The fact that the company filed for chapter 11 bankruptcy is absolutely an indicator that the FTC failed its job. Its job (whether it should have it or not, is up for another conversation) is to prevent market abuse of monopoly. Amazon was not in the robot vacuum business, and this business was not buying a robot vacuum maker. There was no loss of choice etc. It went bankrupt, which indicates no market abuse was happening (it wouldn't have failed). I think shareholders have a legal case against the government (FTC?) for costing them loss of value. Regulators need a damn good reason to stop acquisitions. Like if Apple wanted to buy Android from Google, etc... but this was absolutely not that. It was just a large acquisition from every government's favorite target: Amazon. The animus in non-elected regulators is bad. The reform needs to be court rulings. If the FTC wants to block a deal, the FTC should sue to stop it in court, and the court should make a decision. If your trophy wall is blocked deals, and you are the judge, then you are going to block deals that shouldn't be blocked. Its that simple.

Comment Wait (Score 1) 76

I thought that the point of automation was to free us up from tedious tasks so that we have more time to do fun things like shopping for stuff.

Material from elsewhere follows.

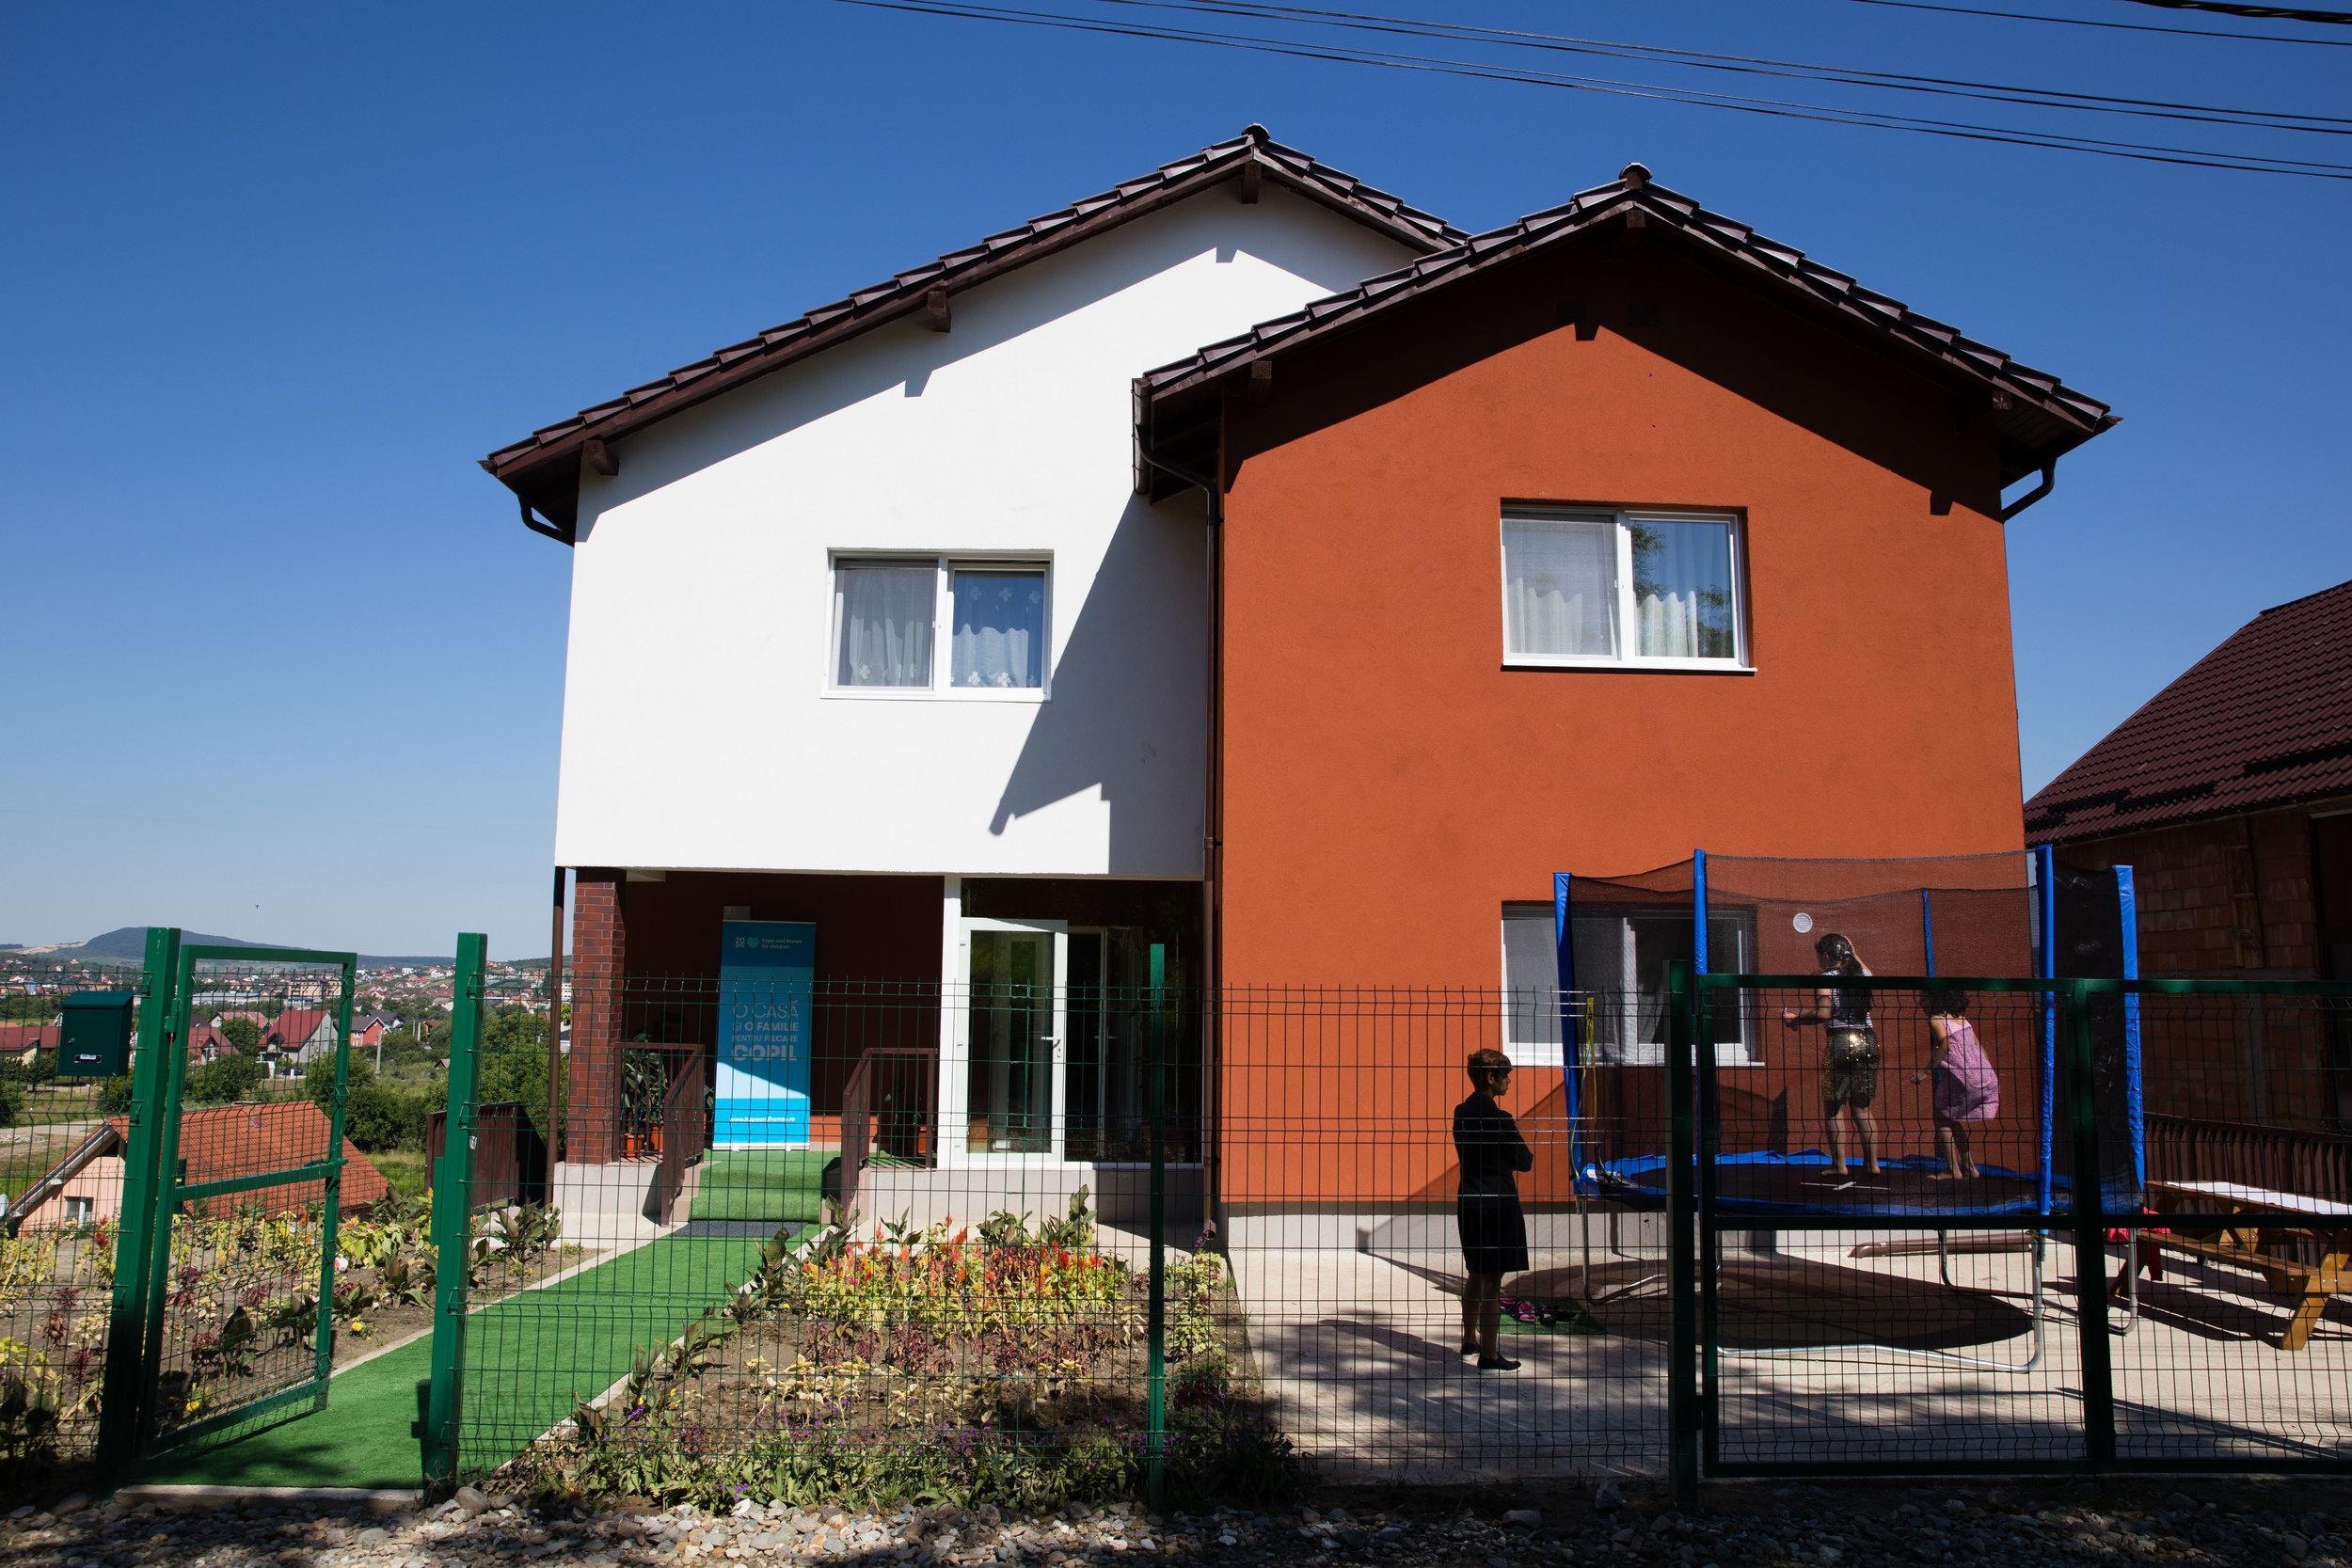 Casa de tip familial Bistrita_01_Foto Diana Sandor.jpg

If AI ends up taking over for *all* our mental activities, then what are we supposed to do with our atrophied brains? Maybe it's all a nefarious plot to turn us into H. G. Well's Eloi.

Comment Fascinating! (Score 1) 36

Now, yes, there are predictions that you could get a supermassive black hole launched into space, especially during a galaxy merger if the velocity of the smaller black hole exceeds the escape velocity of the combined galaxy.

But I'd be wary of assuming that it's a launched black hole, unless we can find the merger it comes from. There may be ways for such a black hole to form that cause the stars to be launched away rather than the black hole being flung, and if a galaxy isn't rotating fast enough to be stable, one could imagine that a sufficiently small galaxy was simply consumed by its central black hole. Both of these would seem to produce exactly the same outcome, if all we have is the black hole itself and a velocity.

I'm not going to say either of these is likely in this case, or that astronomers haven't examine them (they almost certainly have), but rather that we should be cautious until we've a clearer idea of what the astronomers have actually been able to determine or rule out.

Comment Re: Bad example (Score 1) 126

I use my iPhone or my HomePod when im actually home. This is a shit decision to buy an internet connected alarm clock. However, with Office 365, every fucking company switched to subscription, especially in software. Remember when apps were one-time buys? Recurring revenue has become the only meaningful way of driving valuation (otherwise BMW wouldn't have started charging monthly fees for seat warmers).

Comment Re:iRobot couldn't afford to operate. (Score 2, Insightful) 74

Honestly I wouldn't want the Trump administration to have a say so in what companies are allowed to acquire or get acquired. There is way too much politics involved and having Trump picking winners and losers (which let's be honest, is probably about who sucked up to him that week) is a very very bad idea. I get in 2022 this was done in the Biden administration, but really no administration should have a say so. The right answer is to have the markets sort it out by themselves and consumers should leveredge boycott more powerfully, frequently, and potently to disrupt business that abuse. I dont trust government to know what's best for me. I know what's best for me, and I trust my fellow Americans to make decisions for what's best for them without Trump's administration trying to guise itself as a guardian angel on my shoulder controlling what I have access to and not.